Warta

Pendidikan di Indonesia Tengah Alami Revolusi

Selasa, 20 Maret 2007 | 13:43 WIB

Jakarta, NU Online
Amanat Undang-undang 20/2003 tentang Sistem Pendidikan Nasional (Sisdiknas) yang mewajibkan pengalokasian anggaran pemerintah untuk pendidikan sebesar 20 persen telah memicu revolusi di bidang pendidikan nasional. Dalam tiga tahun, terjadi peningkatan anggaran sebanyak dua kali lipat.

Kepala Pusat Informasi dan Humas Depdiknas Bambang Wasito Adi menjelaskan pada tahun 2004 anggaran pendidikan kurang dari 17 triliun dan meningkat menjadi 26 triliun pada tahun 2005. Tahun 2006 meningkat lagi menjadi 36 triliun dan tahun ini menjadi 43 triliun.

Meskip<>un terdapat peningkatan anggaran yang luar biasa, namun masih dibutuhkan proses yang panjang untuk peningkatan kualitas pendidikan di Indonesia. Kualitas guru, sarana dan prasarana, sampai dengan akses pada materi bagi siswa masih menjadi kendala.

“Sekarang peningkatan mutu sudah tidak bisa main-main, ini menjadi PR besar,” tuturnya dalam diskusi di NU Online, Selasa (20/3).

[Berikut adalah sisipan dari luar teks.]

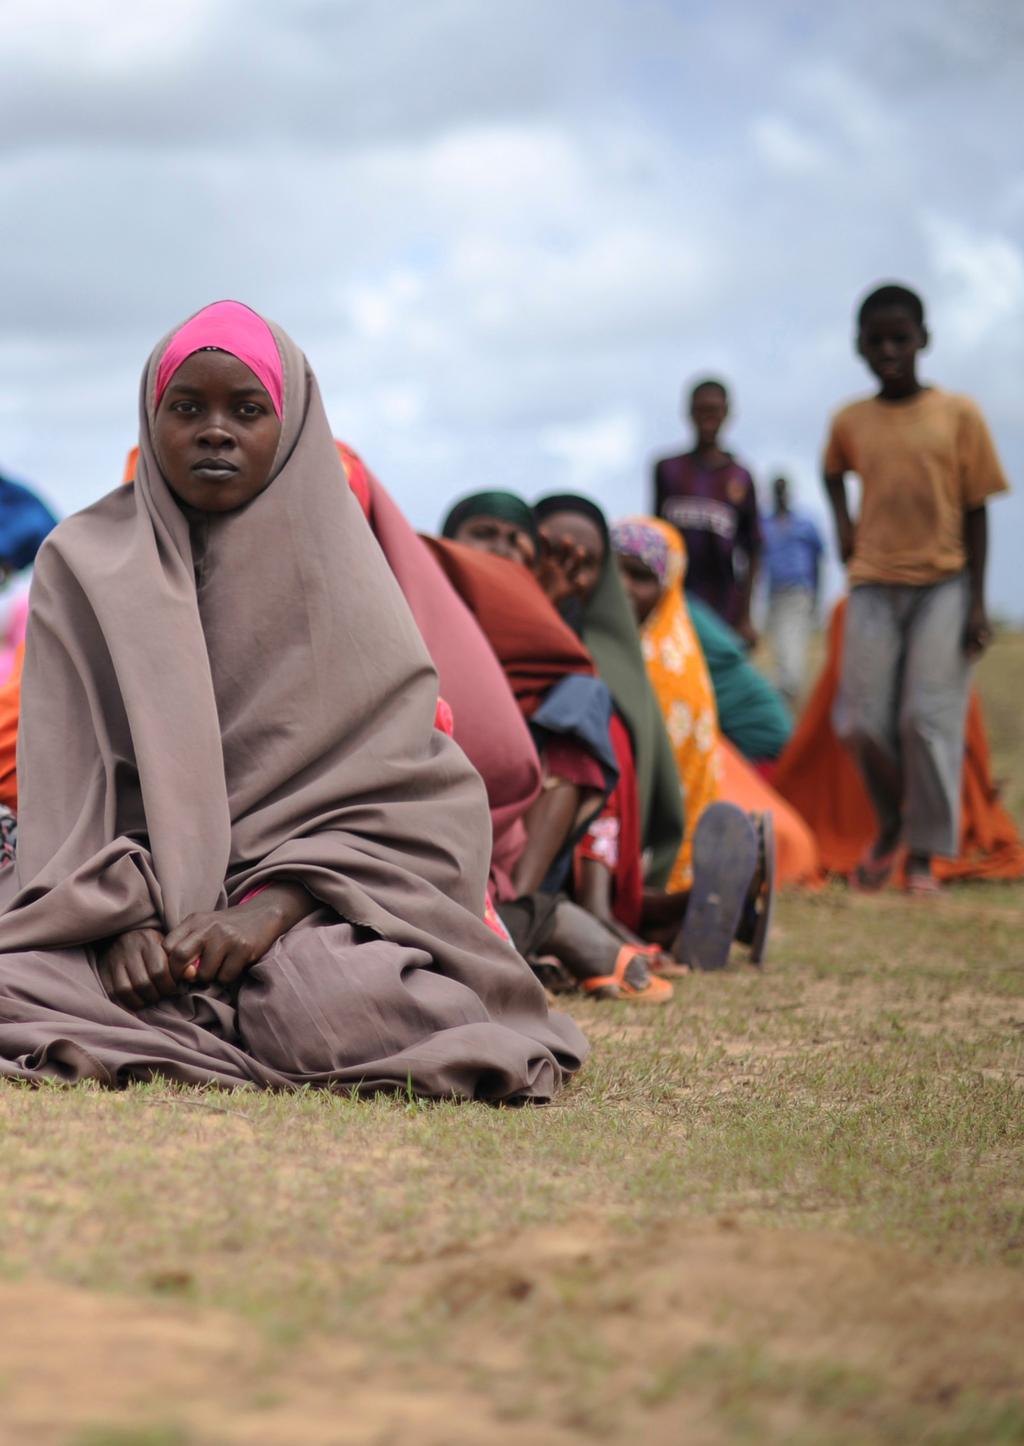 Displaced people waiting at a food distribution centre in Afgooye, Somalia, on 4 August 2013. Over 5,000 people were provided with food.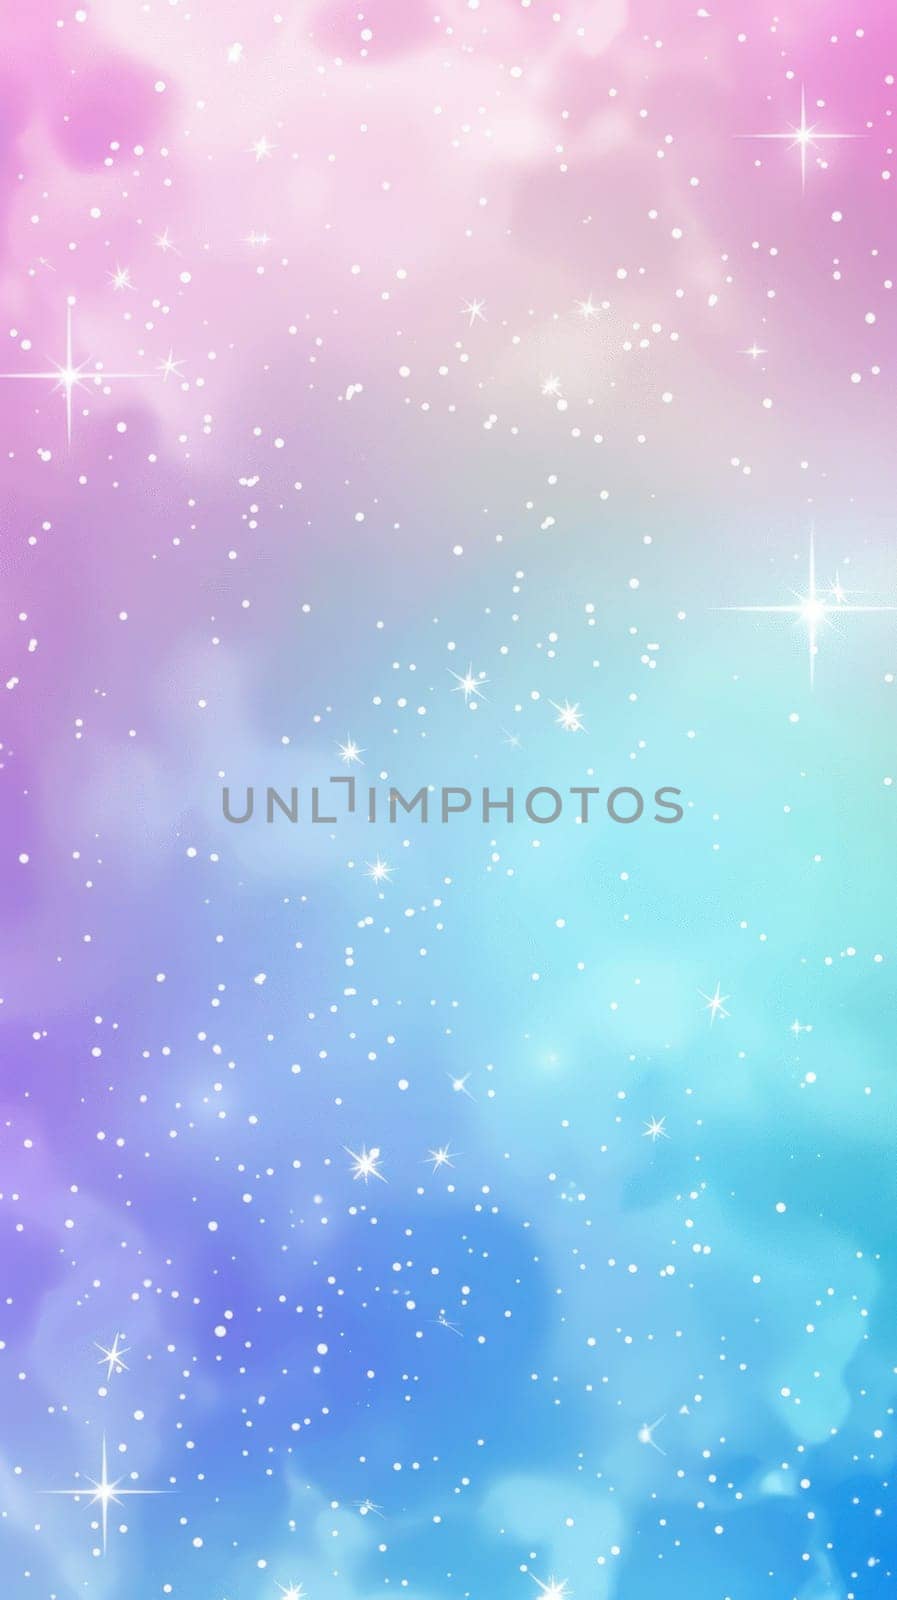 A colorful background with stars and a blue and pink swirl by golfmerrymaker

Dicontohkannya saat ini baru 30 persen guru yang memenuhi syarat untuk mengajar. Bagi mereka yang belum memenuhi kualifikasi, diwajibkan untuk bersekoah lagi sampai dengan S1 dan diberi kesempatan sampai tahun 2010.

“Ini merupakan pekerjaan maha besar bagaimana mendidik kembali 1.8 juta guru. Kalau dari rasio antara guru dan murid sudah memadai, namun kualifikasinya yang belum memenuhi syarat,” imbuhnya.

Saat ini fokus pendidikan nasional adalah penuntasan program wajib belajar 9 tahun yang diharapkan selesai tahun 2008 mendatang. Angka partisipasi SD sudah mencapai 92 persen sedangkan SMP 91 persen. “Kita targetkan sampai 95 persen dan ini kita anggap sukses karena di negara maju pun tetap ada anak yang tidak bersekolah dengan berbagai alasan,” tandasnya.

Perubahan Kurikulum adalah Biasa

Bambang yang juga mantan syuriah PCI NU United Kingdom tersebut bertutur bahwa perubahan kurikulum sebenarnya merupakan hal biasa yang tak perlu diributkan. Hal ini diperlukan untuk menyesuaikan dengan kondisi yang ada.

“Ketika terdapat perkembangan teknologi informasi yang baru, tentu saja kita menyesuaikan. Di negera lain tidak ada keributan karena perubahan kurikulum,” paparnya.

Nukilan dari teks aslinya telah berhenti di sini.